By: Dr. Pam Avery
The Newest Wonder Food
There’s a new juice in town, Acai juice. The Acai berry (commonly pronounced a-sigh-ee) is a rather small, round, and black-looking purple berry. It resembles a grape or a blueberry, but is smaller and darker. This fruit has a large seed and minimum amount of pulp. Acai has been used for many generations by the natives of Brazil.
Contemporary Brazilians are huge fans of the little berry. Acai boasts 10 times the antioxidant benefits of grapes and twice that of blueberries. While relatively new to the American consciousness, acai has been around for centuries and has helped many people with its healthful qualities.
What is Acai?
Acai is a distinct purple berry native to the Amazon rainforest. The acai fruit grows on large palm trees that can reach as high as 82 feet! Unlike cherries, which grow individually in trees, the acai berry grows in bunches, more like bananas. One average, each palm tree can yield anywhere from three to eight bunches.
What’s so great about Acai?
Acai is fast becoming known as a wonder food. Acai has tremendous nutrient properties and is naturally rich in:
* Omega 3 fats (the good kind, unlike the saturated fats found in fast food)
* amino acids to build protein
* electrolytes (essential minerals for the body)
* antioxidants
* protein
* vitamins A, B1 and E
The people of the Amazon rainforest use acai in many types of foods – from drinks and shakes to breakfast cereals and bars.

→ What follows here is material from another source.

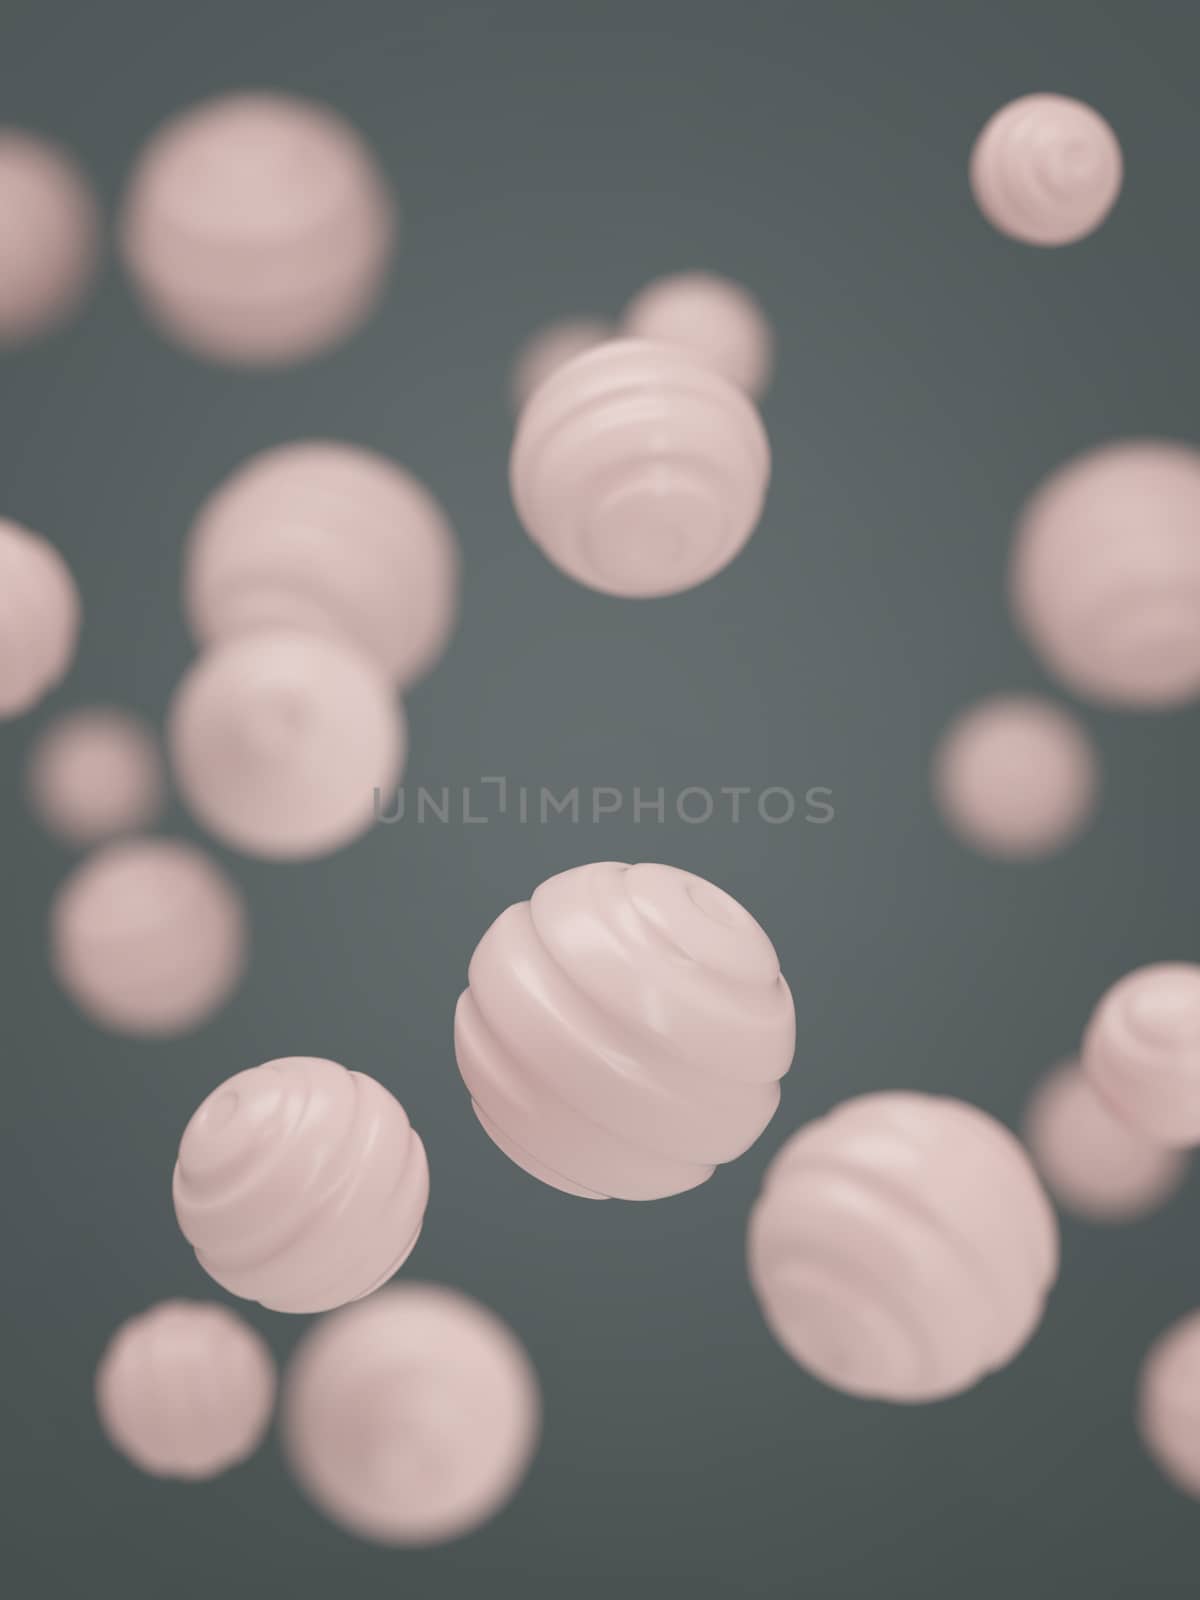 Pastel color candy background rose quartz 3d rendering by chingraph
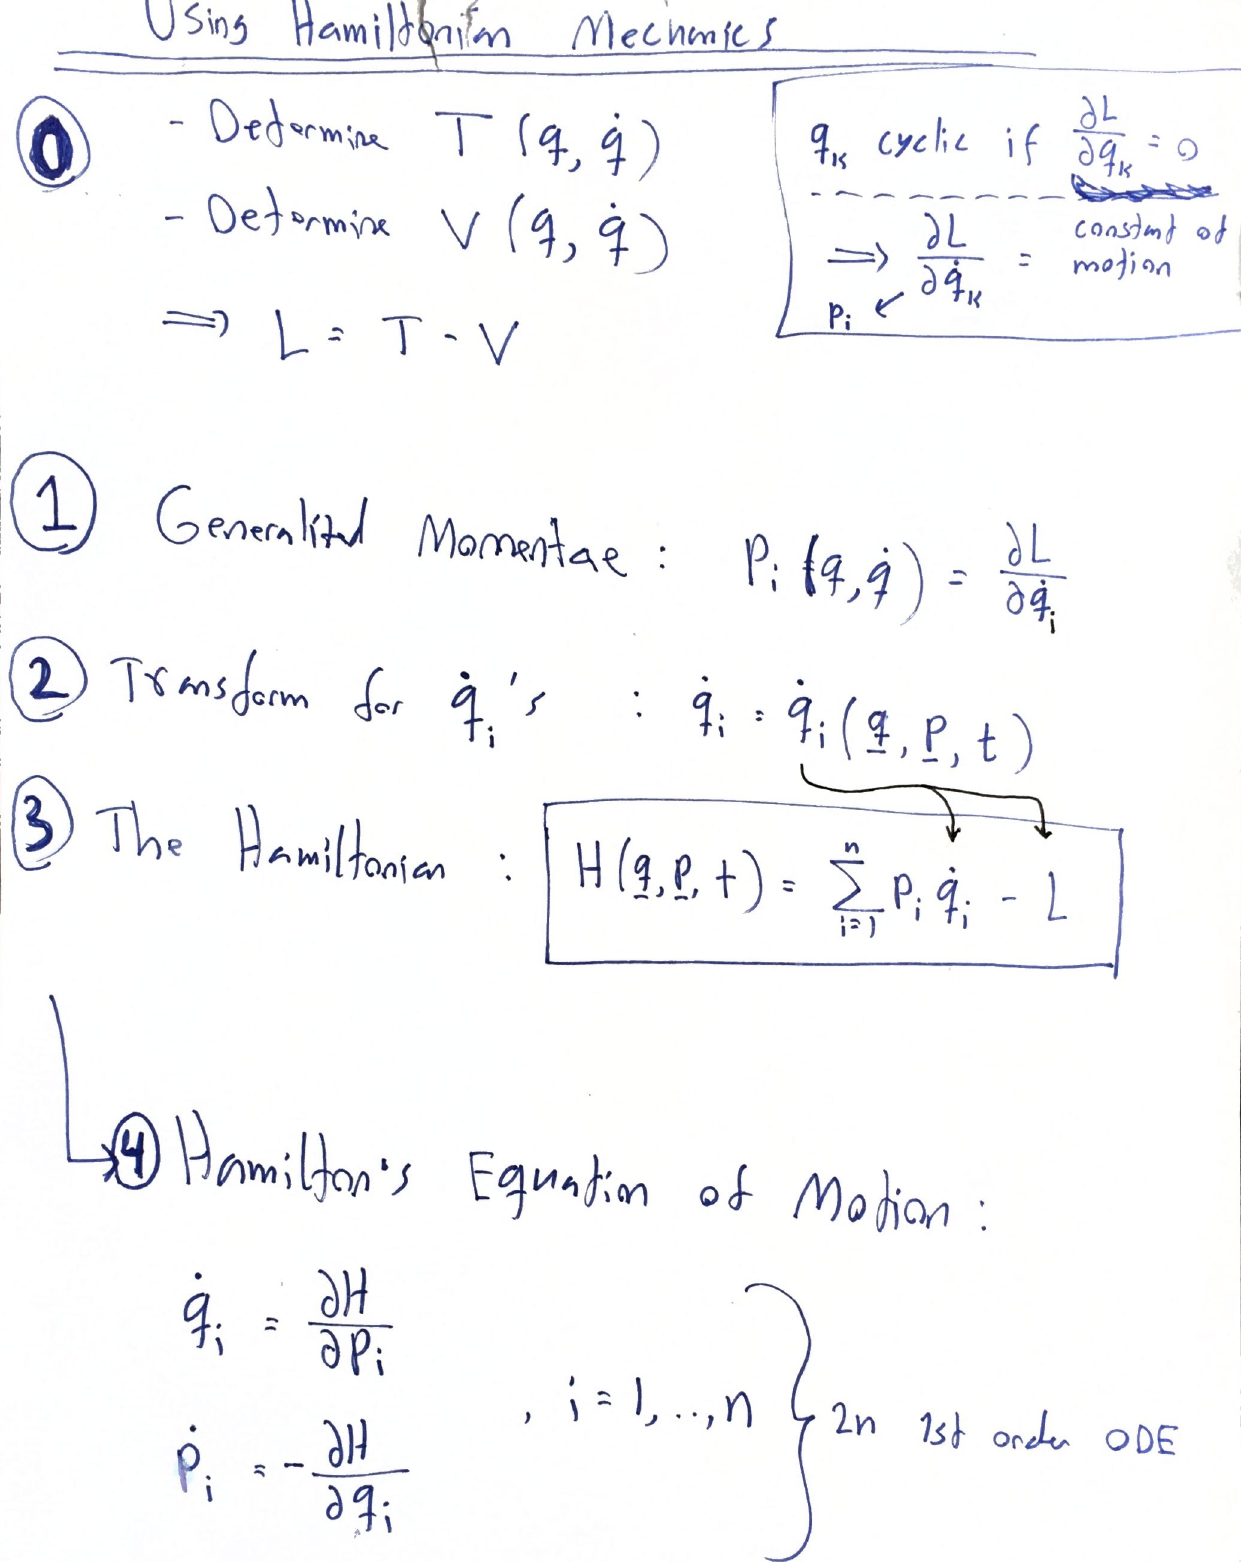 Page 1 of 4 - Using Hamiltonian Mechanics Guide And 3 Simple Examples

Brazilians even use acai to flavor meat and fish entrees with a curd-like topping made from the pulp.
Not only does acai provide a delicious taste to complement food, it is known around the Amazon for wonderful health benefits. Acai is known to be used for treatment of digestive problems, skin irritation, sexual dysfunction, and even insomnia. It has strong anti-inflammatory properties and can thus soothe pain. It can help normalize blood lipids as well as blood glucose. It can even help normalize weight issues with its dose of healthy fats.
The fatty acid content in acai resembles that of olive oil, and is rich in monounsaturated oleic acid. Oleic acid is important for a number of reasons. It helps omega-3 fish oils penetrate the cell membrane; together they help make cell membranes more supple. By keeping the cell membrane supple, all hormones, neurotransmitter and insulin receptors function more efficiently. This is particularly important because high insulin levels create an inflammatory state, and we know, inflammation causes aging.
Only in recent years have people in North America discovered how acai makes them feel energetic and healthy. Take a trip to your favorite smoothie place and you might find acai as one of the add-in ingredients available to you. Not only are consumers loving their acai, but researchers and the media are taking a strong interest in the power of this small berry. NBC’s Today did a feature story on acai in 2004. More recently researchers at the University of Florida tested acai and found it destroyed leukemia cells grown in the lab!
Where can I find Acai?
Many forms of acai are sold mixed with other fruit juices, vitamins and supplements. Acai is even available in an isotonic form for quick and maximal absorption. In fact, this is rapidly becoming the best form of achieving maximal antioxidant protection. According to Dr. Richard Passwater, author of “The Antioxidants” and grandfather of the antioxidant movement in research:
“Combinations of antioxidants are like a balanced symphony working together. A symphony orchestra produces sounds so much more harmonious than merely having 20 drums playing. It is not the quantity, but the blend. The same is true with antioxidant nutrients: you get better results with moderate amounts of a full complement than you get with using very large amounts of just one nutrien. In general, the different reducing agents in the body “talk to one another” freely, and thus, it is probably important that all of our pools of reducing agents be maintained. For this reason, most of us in the field recommend that a person take a variety of antioxidants (a “cocktail”), not just a single substance.”
Dr. Passwater concludes:
“The importance of synergism is that the antioxidant nutrients each contribute to the total protection. They work together in the antioxidant cycle and reach all body compartments-fat and water-based, blood and internal cell. They protect against all types of free radicals and reactive oxygen species. No one antioxidant can do all of this.”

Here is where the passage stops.